Crown, defence wrap up in abuse case
THE lawyer of a man accused of raping his two stepdaughters over several years says the girls concocted the allegations because the defendant broke their mother’s heart.
The man, who has name suppression, has spent the week on trial in the Dunedin District Court facing 14 sex charges, including rapes.
Yesterday, after four days of evidence, both Crown and defence closed their cases.
Defence counsel David More said his client’s story was straightforward — it simply did not happen.
‘‘They turned on him because he walked out on their mother,’’ Mr More said.
The court previously heard how the defendant had left the Dunedin family home multiple times but in 2014 he moved to Mosgiel permanently.
In January 2015, the girls made disclosures of sexual abuse to their mother, but she did not believe them and they continued to spend some weekends at the man’s new home.

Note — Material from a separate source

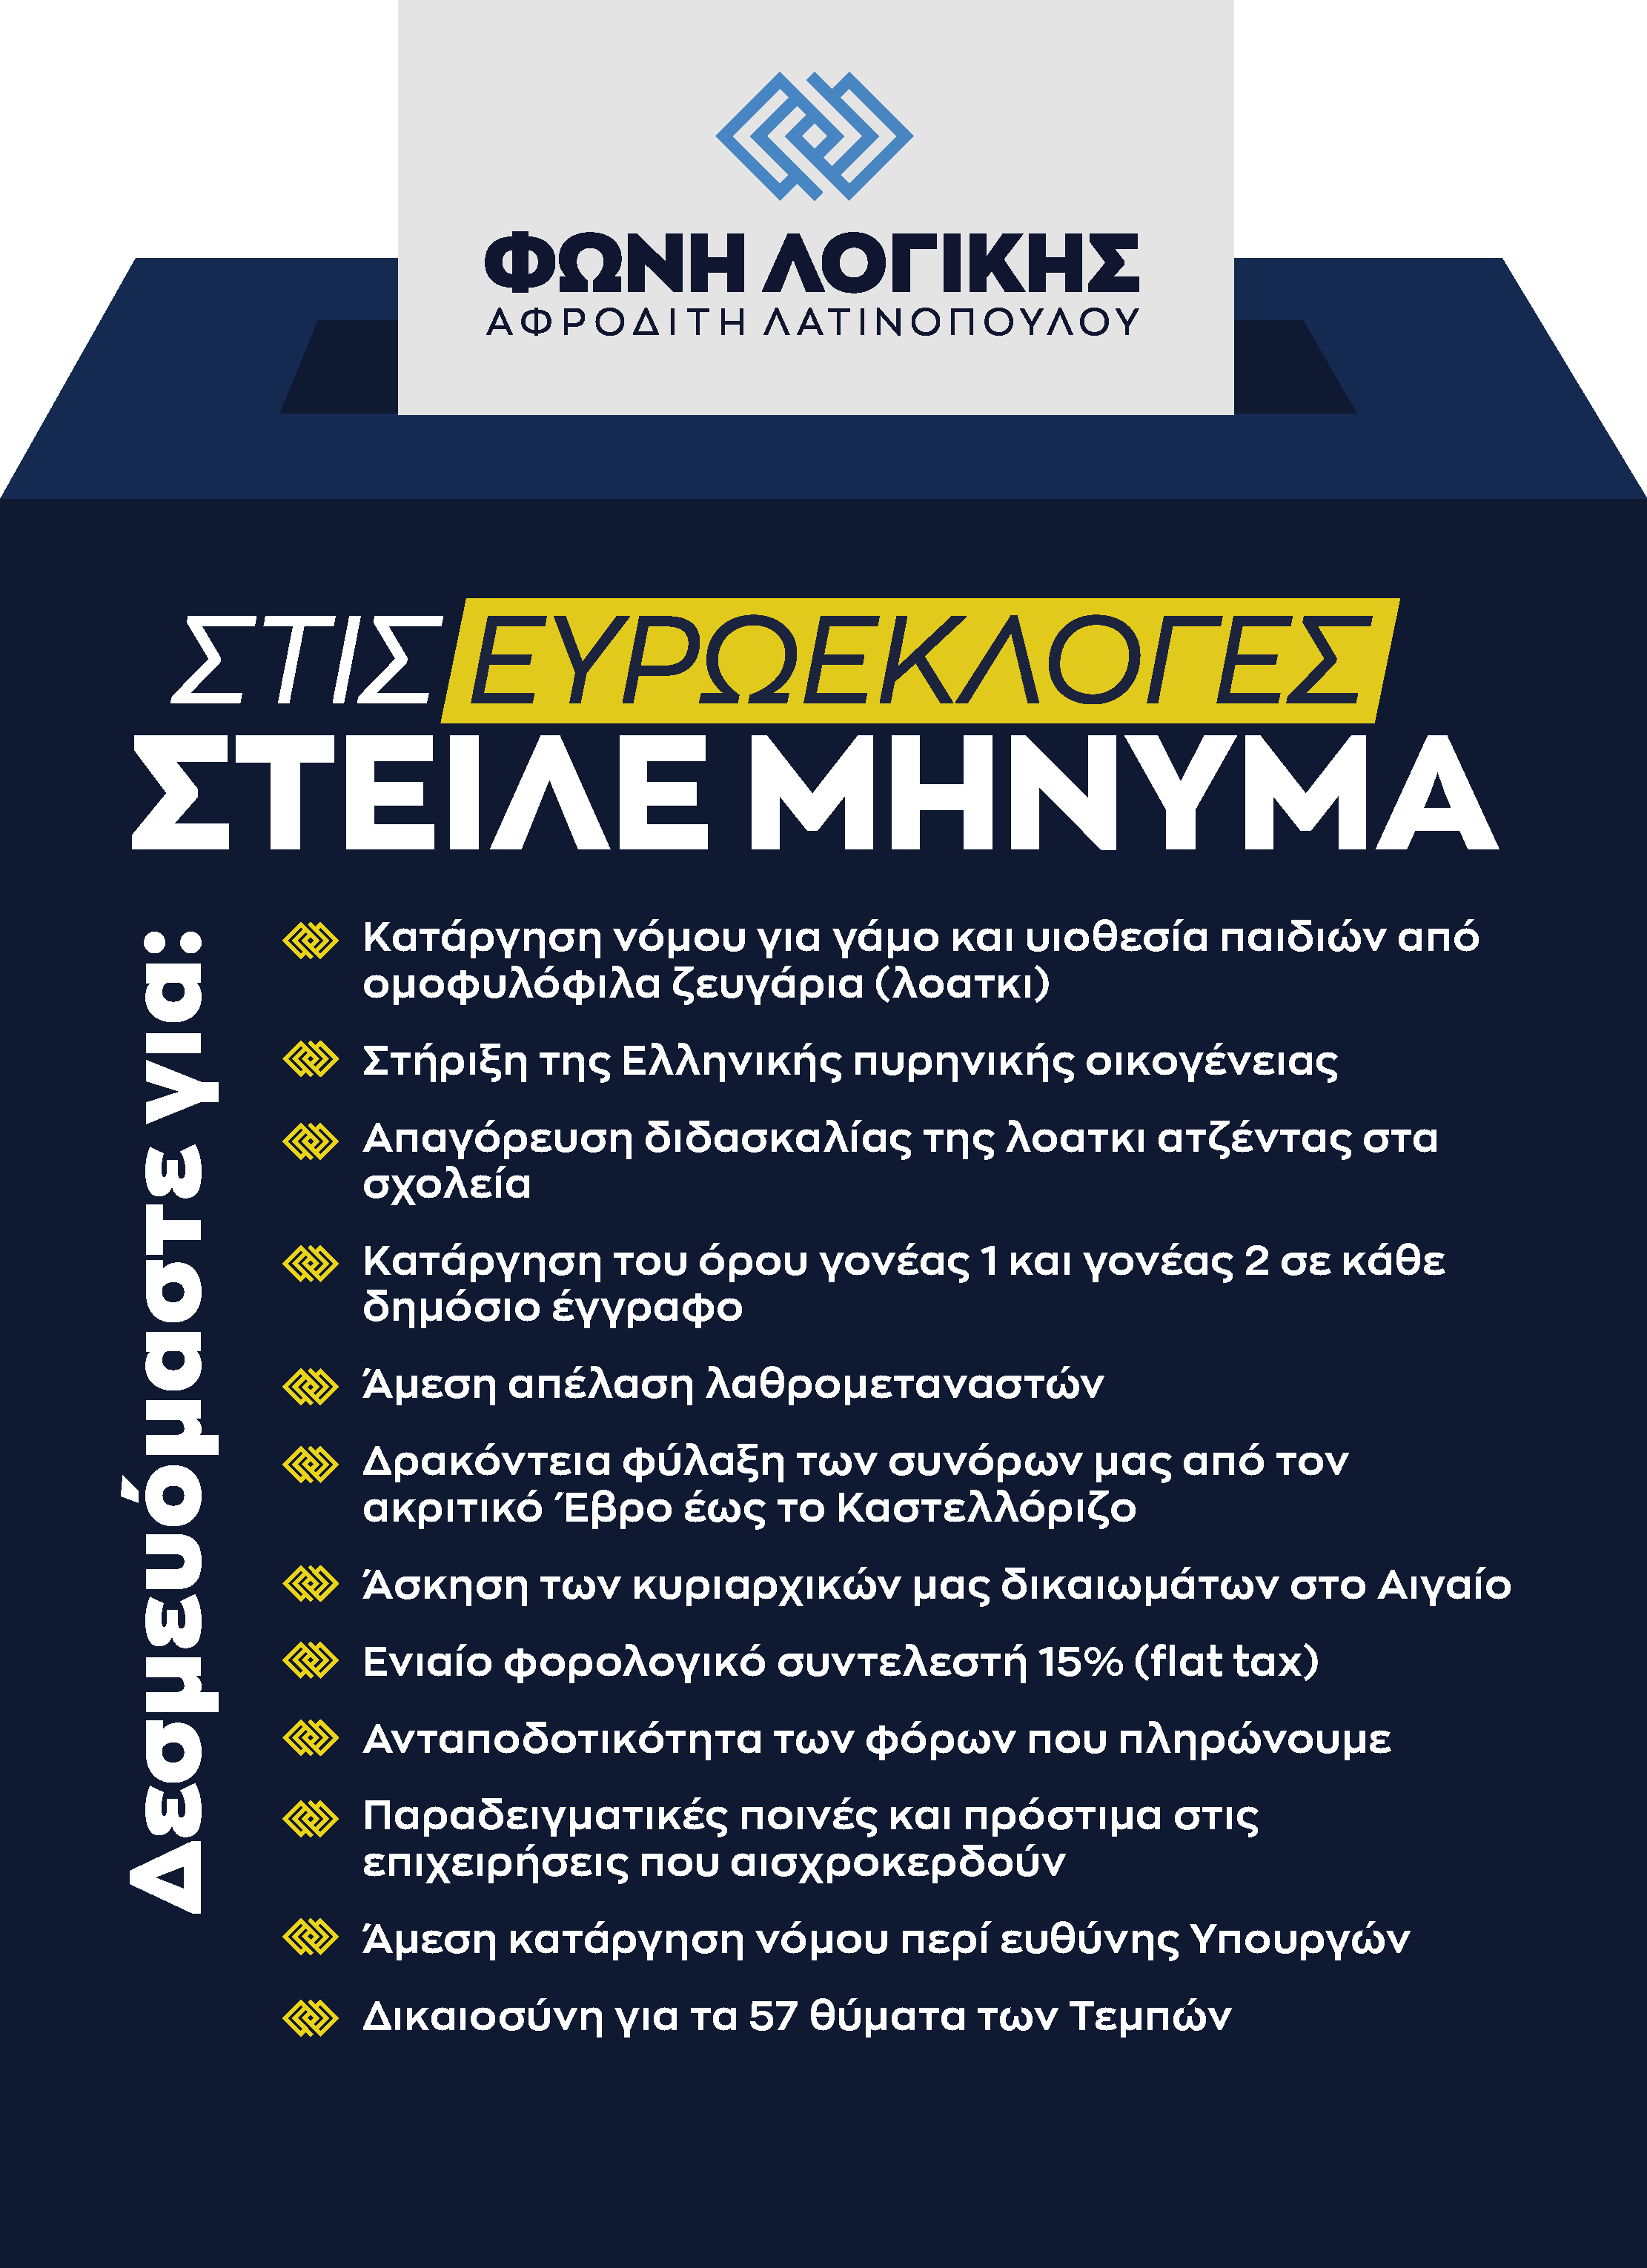 Κατάργηση νόμου για γάμο και υιοθεσία παιδιών από ομοφυλόφιλα ζευγάρια (λοατκι) Στήριξη της Ελληνικής πυρηνικής οικογένειας Απαγόρευση διδασκαλίας της λοατκι ατζέντας στα σχολεία Κατάργηση του όρου γονέας 1 και γονέας 2 σε κάθε δημόσιο έγγραφο Άμεση απέλαση λαθρομεταναστών Δρακόντεια φύλαξη των συνόρων μας από τον ακριτικό Έβρο έως το Καστελλόριζο Άσκηση των κυριαρχικών μας δικαιωμάτων στο Αιγαίο Ενιαίο φορολογικό συντελεστή 15% (flat tax) Ανταποδοτικότητα των φόρων που πληρώνουμε Παραδειγματικές ποινές και πρόστιμα στις επιχειρήσεις που αισχροκερδούν Άμεση κατάργηση νόμου περί ευθύνης Υπουργών Δικαιοσύνη για τα 57 θύματα των Τεμπών

It was only in June, when the younger complainant talked to a friend, that teachers were alerted and then the police.
Initially, her older sister said nothing had happened to her, but some weeks later, she was interviewed by police and claimed she had been raped at least 50 times by the man.

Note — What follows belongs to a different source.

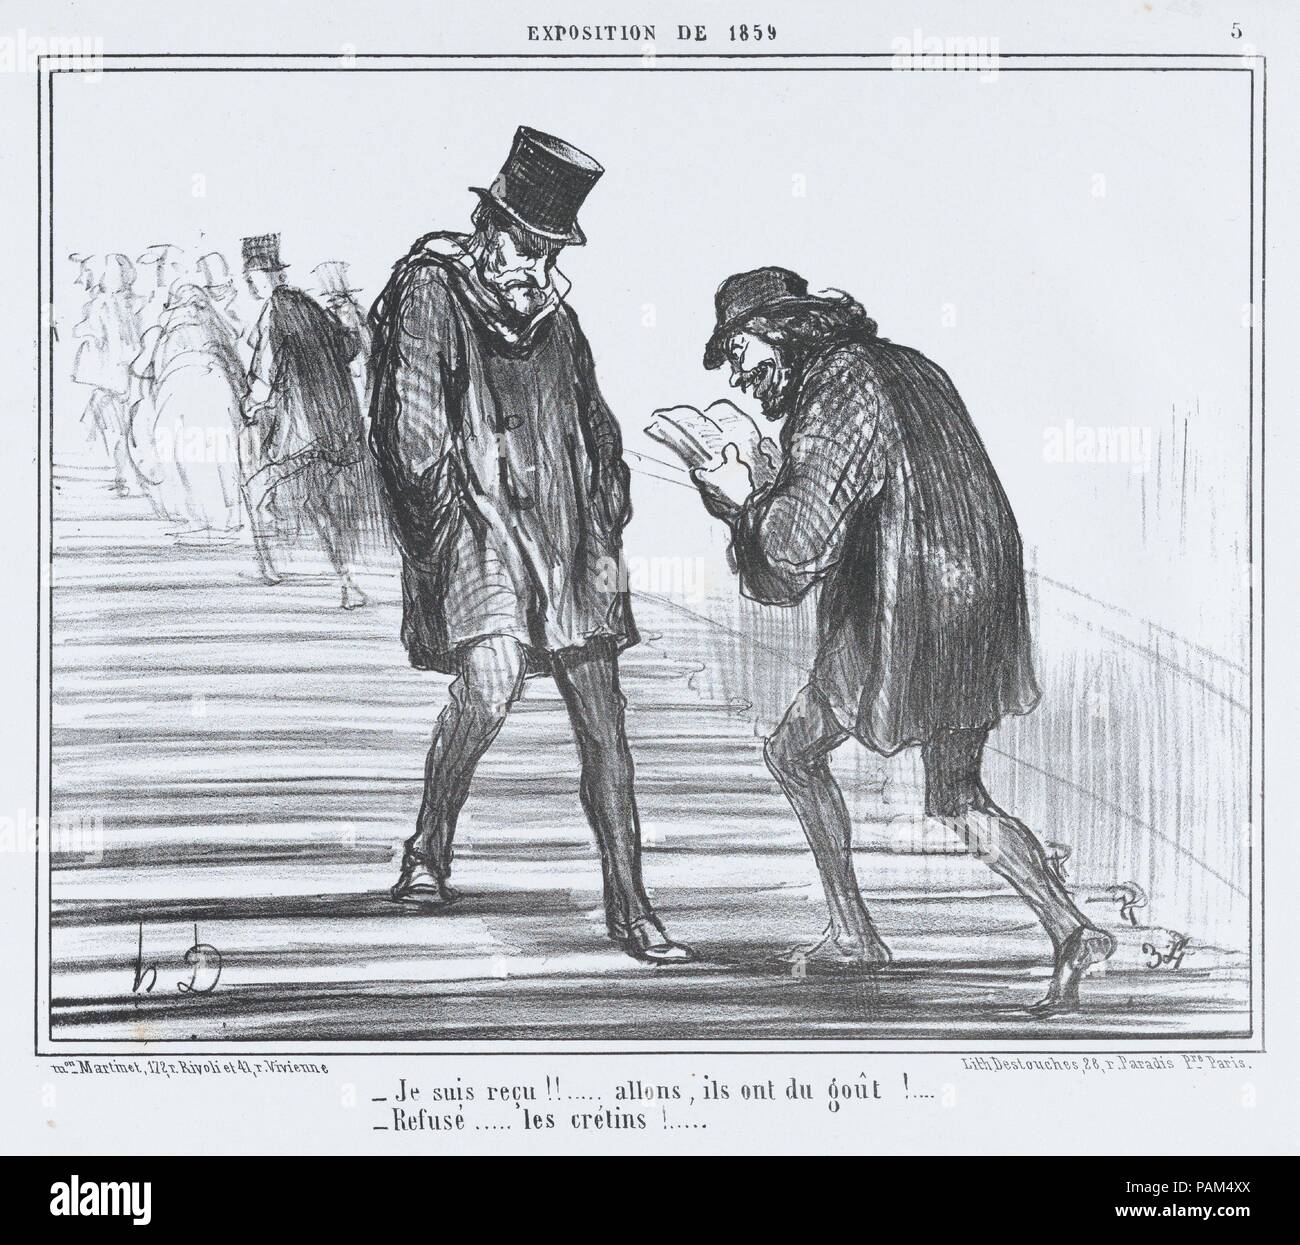 Je suis Beispiele!!... von L'Exposition de 1859, in Le Charivari, 22. April 1859 veröffentlicht. Artist: Honoré Daumier (Französisch, Marseille 1808-1879 Valmondois). Maße: Blatt: 10 11/16 x 14 3/16 in. (27,2 × 36,1 cm) Bild: 8 1/2 x 10 9/16 in. (21,6 × 26,8 cm). Drucker: destouches (Paris). Herausgeber: Aaron Martinet (Französisch, 1762-1841). Serie/Portfolio: L'Exposition de 1859. Datum: April 22, 1859. Museum: Metropolitan Museum of Art, New York, USA. Stockfoto

Mr More suggested if even half of what the teens had said was true, the offending would have been uncovered significantly earlier.
And he also took issue with the similarity between the girls’ stories, despite the fact they each claimed never to have discussed the case together.
‘‘The allegations are remarkably similar,’’ Mr More said.
The complainants gave evidence the alleged abuse began with hugs and back rubs but progressed to molestation and rape.
‘‘The defendant wasn’t only the partner of [the complainants’ mother] but he became the father figure and, indeed, was called ‘dad’ by both girls in just over a year,’’ Crown prosecutor Marie Grills said.
‘‘They trusted him. They didn’t have a father figure in their lives and he became dad.’’
She said the long delay in the girls finally coming forward was typical in cases of this type.
Ms Grills expected the jury to have issues with the girls’ mother, who presented as a ‘‘complicated and not attractive person’’.
‘‘She was clearly in love with the defendant throughout,’’ she said.
Despite her daughters’ reluctance to spend time with the man, the woman would tell him they were keen to visit.
‘‘She really facilitated the defendant having access to her daughters, after they said [the abuse] was happening,’’ Ms Grills said.
The ultimate issue on which the Crown case turned, she said, was simply whether the jury believed the two teenagers.
The differing nature of their evidence gave them credibility, Ms Grills said.
The younger girl spoke in graphic detail when asked what had happened, while her sister was less forthcoming — ‘‘some one who had tried, it seems successfully, to shut it out’’.
The prosecutor also pointed to the fact the girls did not try to demonise their stepfather as evidence of their honesty.
‘‘These are not vindictive girls trying to create a story; trying to paint the defendant as black through and through. They’re girls caught between their mother’s emotion and the defendant’s manipulation,’’ Ms Grills said.
Judge Kevin Phillips will sum up the case on Monday before the jury begins deliberations.